SMARTxAC

General project information

SMARTxAC is a project carried out under a collaboration agreement between the Advanced Broadband Communications Center (CCABA) of the Technical University of Catalonia (UPC) and the Supercomputing Center of Catalonia (CESCA).

SMARTxAC aims to develop and deploy a passive measurement infrastructure and a real-time analysis system for high-speed links. Currently, SMARTxAC is being used for capturing and analyzing the traffic of the Anella Científica (Scientific Ring). The Anella Científica is the name of the Catalan R&D Network, which is managed by CESCA and connects about 50 Universities and Research Centers in Catalonia.

The tapped link is built from a pair of GigE links (one for each traffic direction) that connect the Anella Científica to RedIRIS (Spanish R&D network) and to the global Internet. Current traffic volume on this link is about 600 Mbps and it is increasing day after day, so that data collection is facilitated by an Endace DAG 4.3GE measurement card. Full-traffic analysis at full-line rate is performed in real-time using the SMARTxAC analysis software developed at the Advanced Broadband Communications Center (CCABA) of the UPC.

A three hours GPS-synchronized and anonymized IP header trace was captured for the NLANR/PMA project in February 2004 using the capture point and collection platform in the Anella Científica. This data set was published and can be downloaded at CESCA-I section of NLANR/PMA website.

SMART

A new evolution of SMARTxAC, which will be named SMART, is currently under development at CCABA-UPC. SMART is specifically designed to perform at gigabit speeds and will integrate both the capture engine as well as the real-time flow traffic measurement and analysis in the same software. This new platform will be able to perform in real-time at gigabit speeds without packet looses, using only one machine for collection and analysis (measurement box), equipped with one or more Endace measurement cards. Up to now, SMART collection and analysis platform has been tested with up to 2 Gbps of real traffic without experiencing packet looses. Unfortunately, it is not possible to operate at full-line rate in OC192/10GigE links using standard PC equipment if no additional hardware is used for traffic processing and analysis. Although, most of high-performance backbone networks are overprovisioned and designed to use less than its total link capacity, using even load balancing techniques, so that in this case, SMART would be able to perform in real-time in OC192/10GigE networks without using specialized hardware for traffic analysis.
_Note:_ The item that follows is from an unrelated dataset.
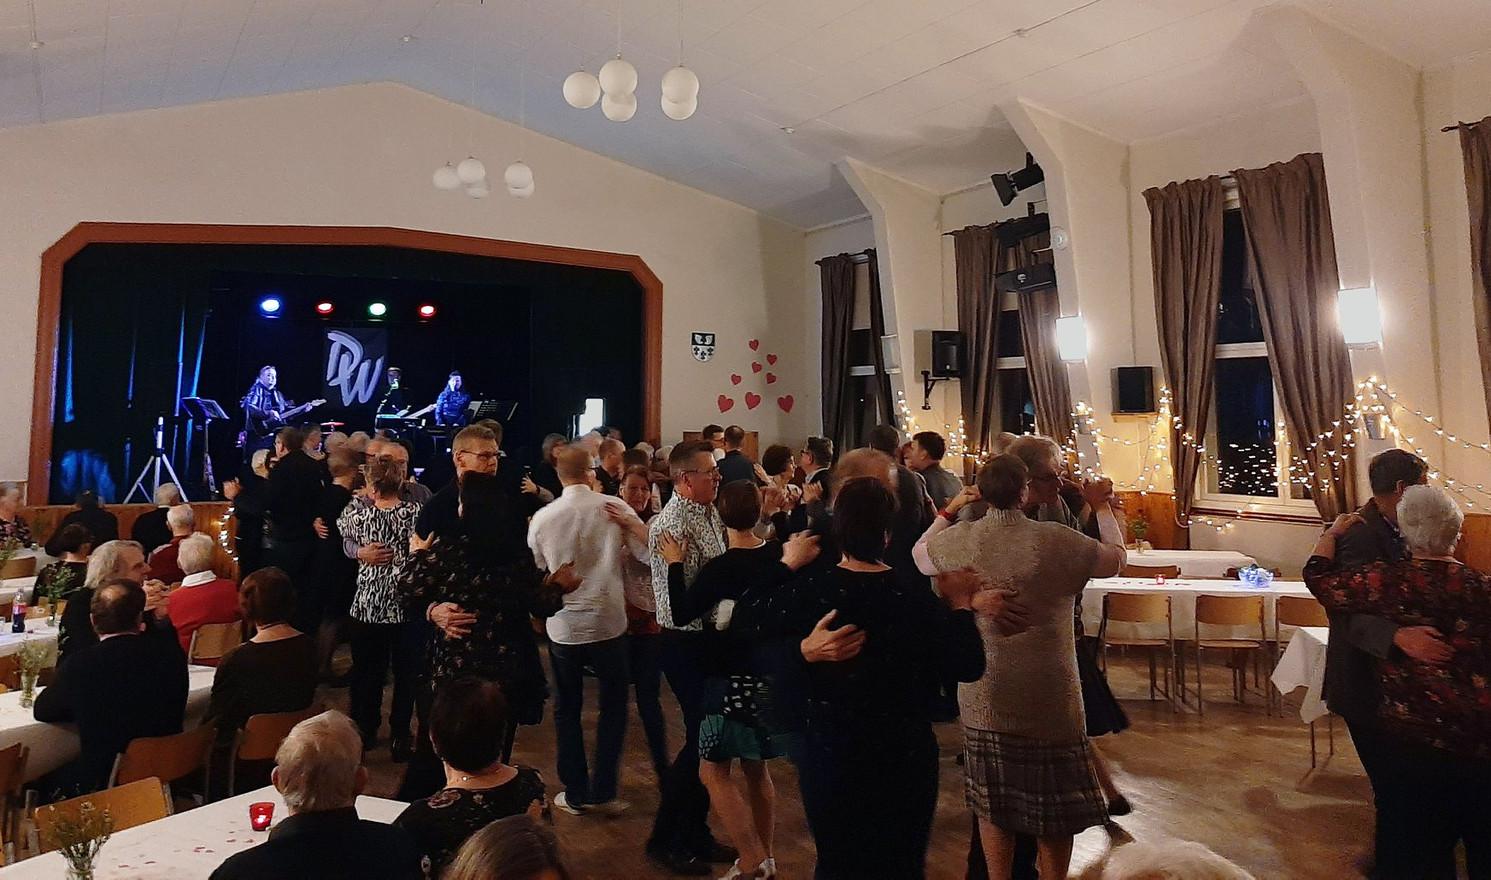 Ystävänpäivän tanssit olivat menestys. Yhtye Danswerket houkutteli paljon väkeä Liljendalgårdeniin.

A first version of SMART was tested in one of NLANR/PMA OC192MON's located on SDSC's TeraGrid Cluster. The data collection was facilitated by a pair of Endace DAG6.1 OC192 measurement cards operating in 10Gigabit-LAN mode. These experiments were carried out by %This email address is being protected from spambots. You need JavaScript enabled to view it. ">Pere Barlet (technical coordinator of SMARTxAC and main developer of SMART) during a two months research stay in New Zealand (at Endace Measurement Systems, Ltd.) in joint project between CCABA-UPC and the PMA project (Passive Measurement and Analysis) of the NLANR (National Laboratory for Applied Network Research).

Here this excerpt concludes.